◆ DATASET EXCERPT ◆
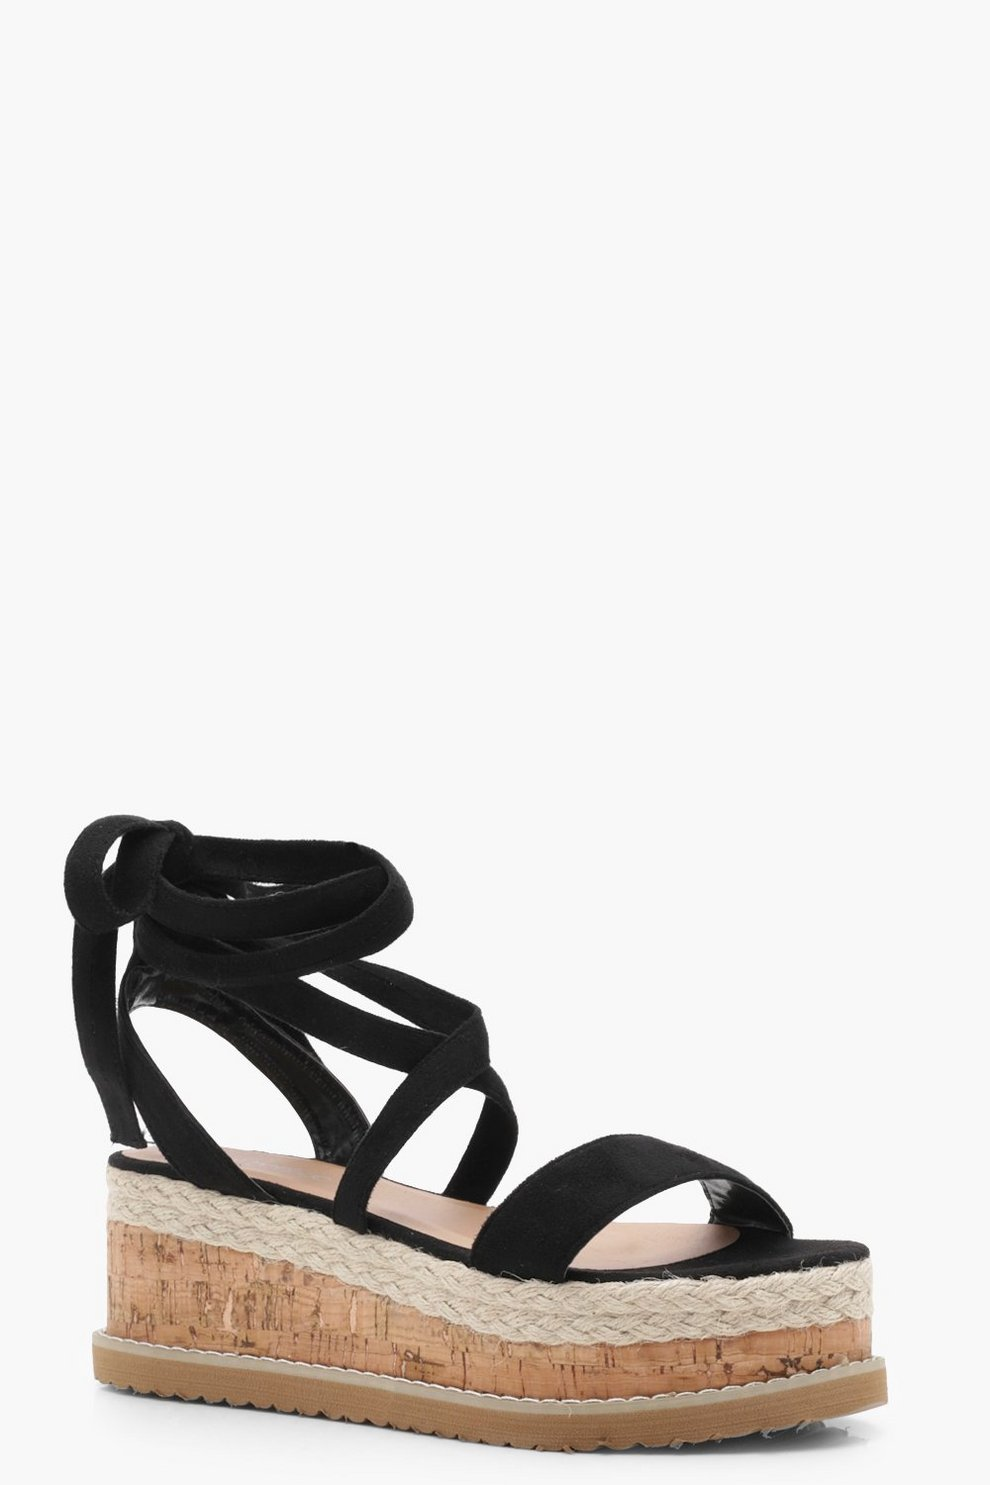 4a9f098a28020 Flatform Espadrille Tie Up Sandals
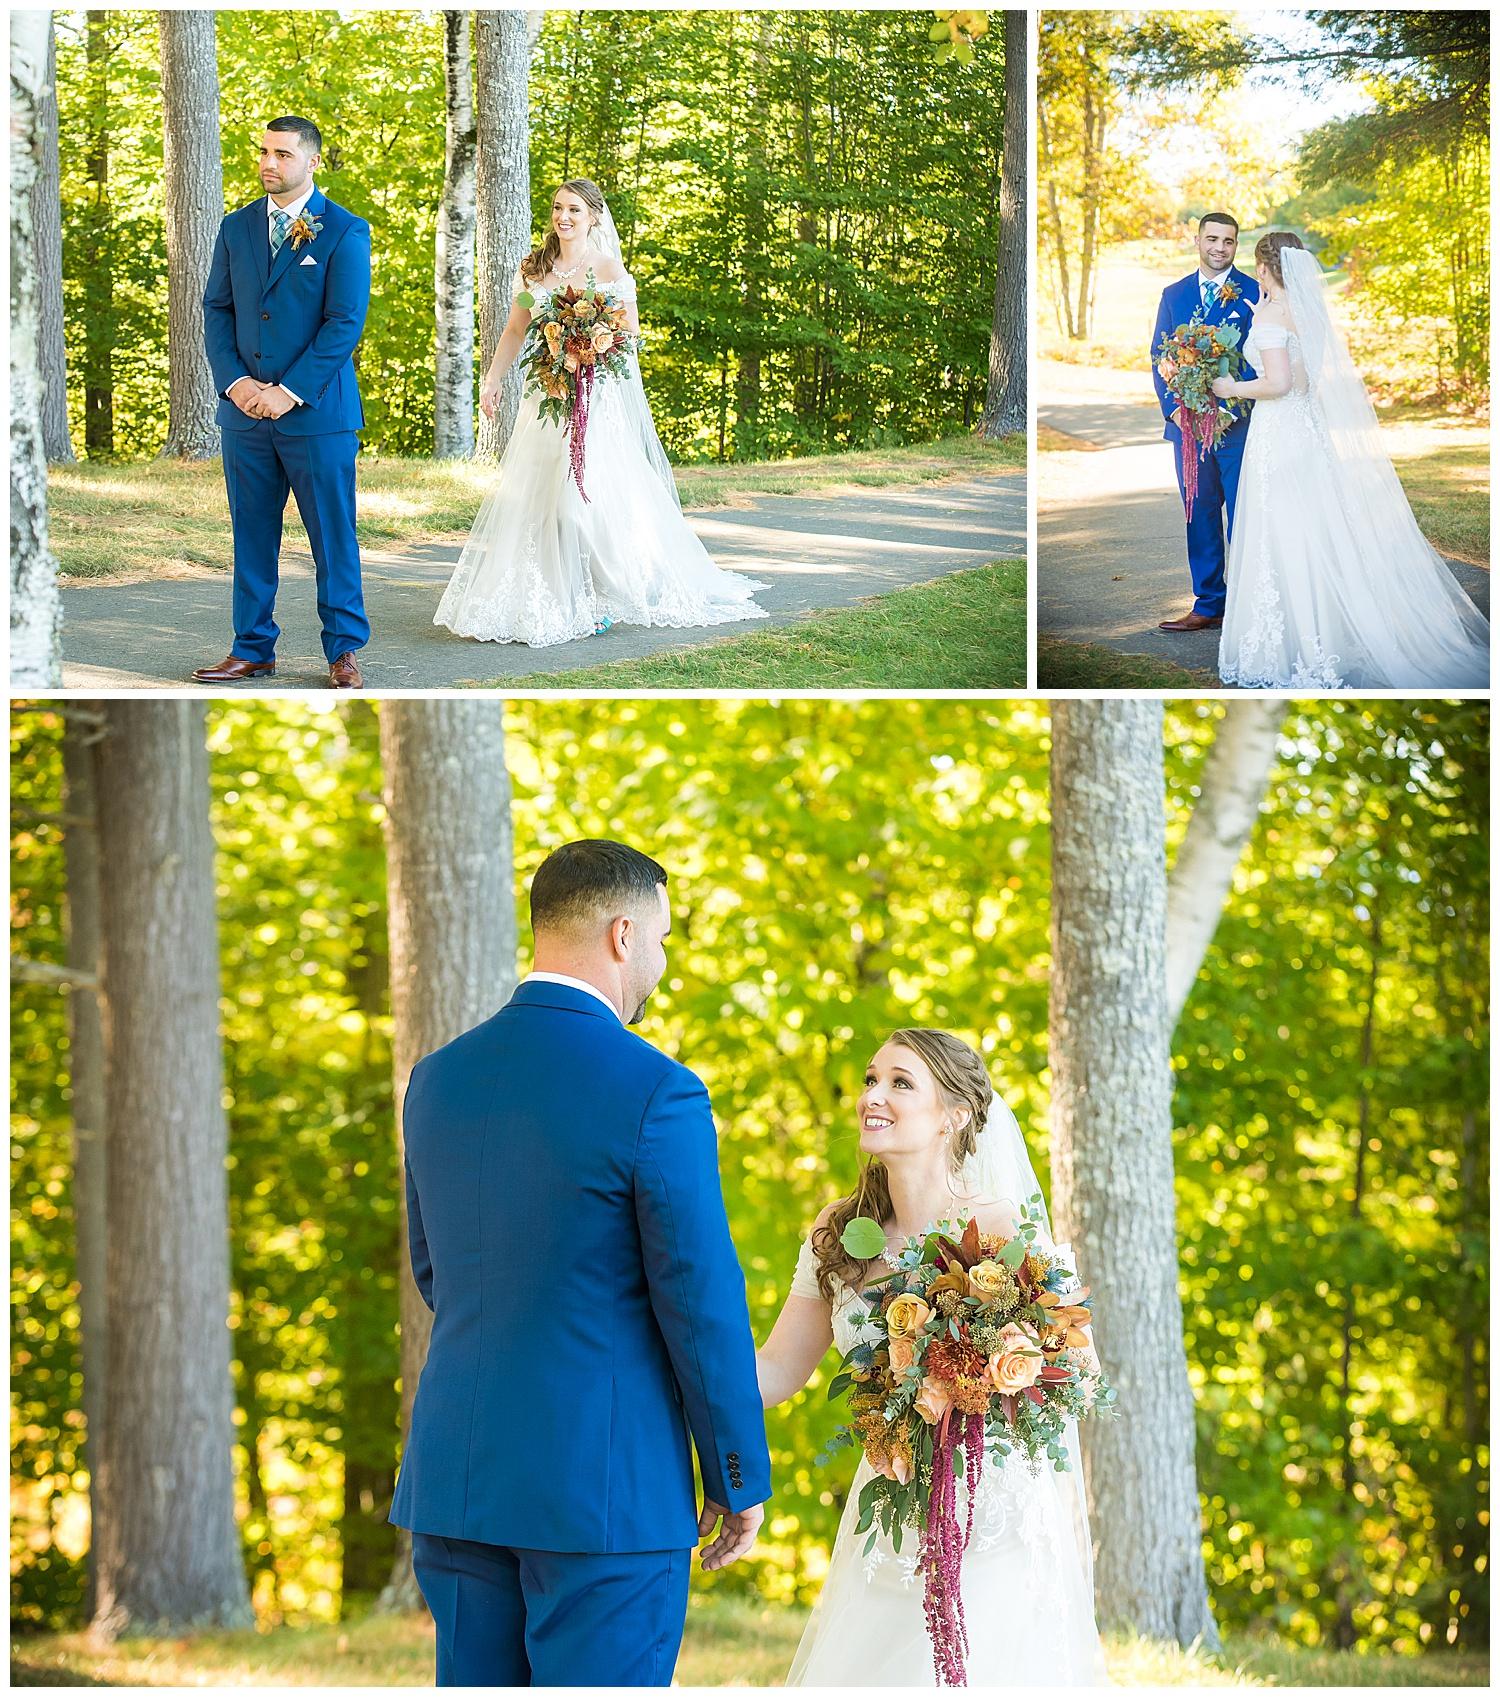 2Owl's Nest White Mountain Wedding - First Look
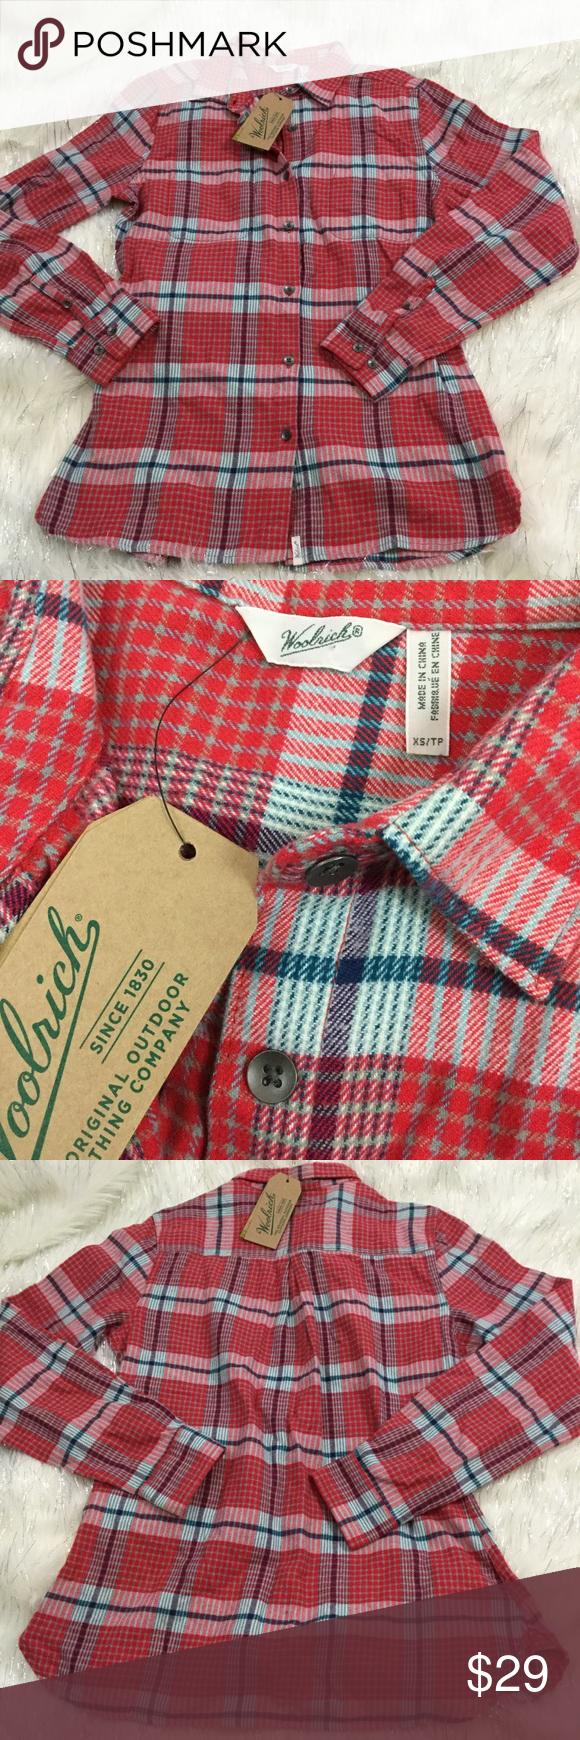 Flannel shirt xs  Woolrich plaid flannel shirt  Plaid flannel Flannel shirts and
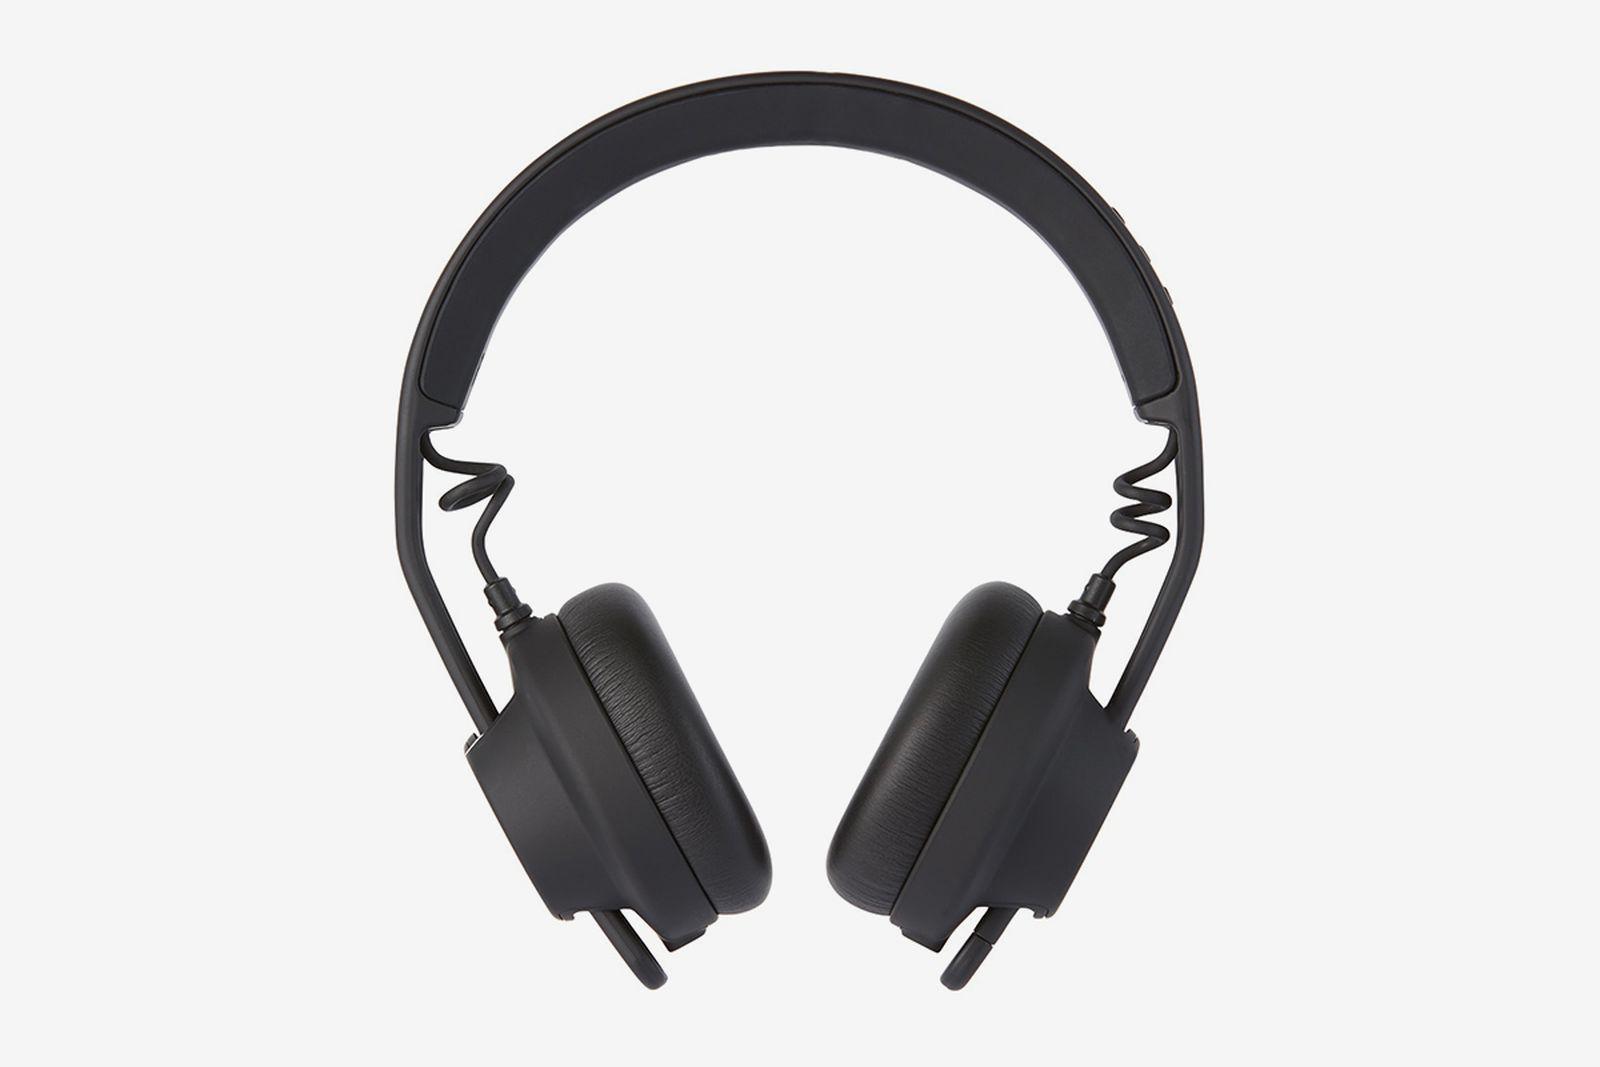 aiaiai-black-wireless-tma-2-move-headphones

◆ TASK DETAILS ◆
Please transcribe the listing above verbatim and exclude every picture.

◆ TASK RESULT ◆
 4a9f098a28020 Flatform Espadrille Tie Up Sandals
 2Owl's Nest White Mountain Wedding - First Look
 Flannel shirt xs  Woolrich plaid flannel shirt  Plaid flannel Flannel shirts and
 aiaiai-black-wireless-tma-2-move-headphones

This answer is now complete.